AtlasOfLivingAustralia / biocache-store

Occurrence processing, indexing and batch processing

Geek Repo:Geek Repo

Github PK Tool:Github PK Tool

Problem with processing of iNaturalist taxonomic entries

Mesibov opened this issue · comments

I downloaded the 638655-record iNaturalist dataset and found 3 fields with full scientific names:
"scientificName" (here called 1)
"scientificName" (here called 2)
"species" (here called 3)
If I can believe the headings.csv that came with the records, the first is raw scientificName, the second is ALA-processed scientificName and the 3rd is "The species the Atlas has matched this record to in the NSL".
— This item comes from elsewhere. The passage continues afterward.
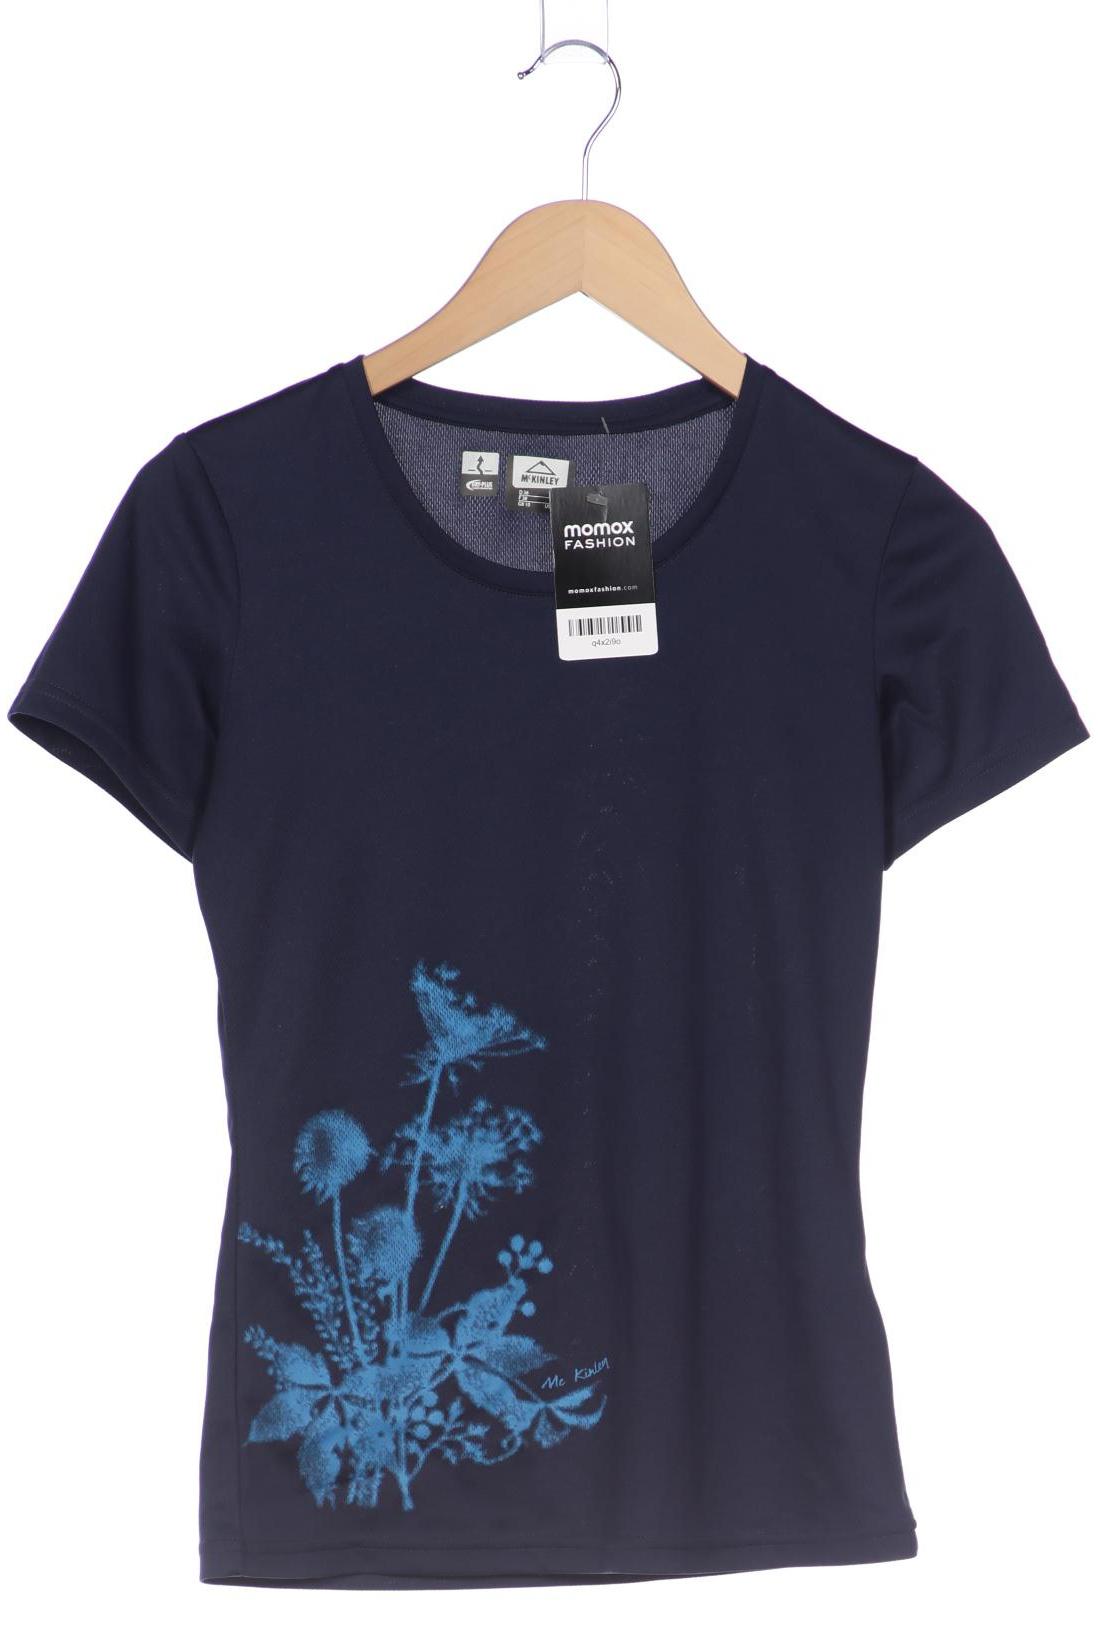 McKINLEY Damen T-Shirt, marineblau, Gr. 36 von mckinley

As expected there are a few records in (1) with (2) and (3) blank. Unexpectedly, there are also many records with (1) blank but with (2) and (3) filled. Looking at just one of these, the taxonomy gets weird:
https://biocache.ala.org.au/occurrences/9e4c4726-068c-4860-b142-4ff43ba9fa57

The "original vs processed" tables says that iNaturalist actually did supply a raw ID, namely

Plantae|Tracheophyta|Magnoliopsida|Fabales|Fabaceae|Acacia|Acacia ampliata

Nothing wrong there, but the ALA-processed classification replaces "Tracheophyta" with "Charophyta" (green algae), and "Magnoliopsida" with "Equisetopsida" (horsetails).

I haven't looked at any more of the -/2/3 records. Is this a processing failure? How to explain the phylum and class errors?

Just on the difference in higher classification, ALA's source for Acacia ampliata is here:

https://biodiversity.org.au/nsl/services/rest/node/apni/2919087

which has:

Plantae / Charophyta / Equisetopsida / Magnoliidae / Rosanae / Fabales / Fabaceae / Acacia /Acacia ampliata

That explains the errors. Will ALA be querying APC about this? Their hierarchy is defective.
My download was https://doi.org/10.26197/5d9c2f72356e8

Thanks @Mesibov. Ive passed that question to the NSL.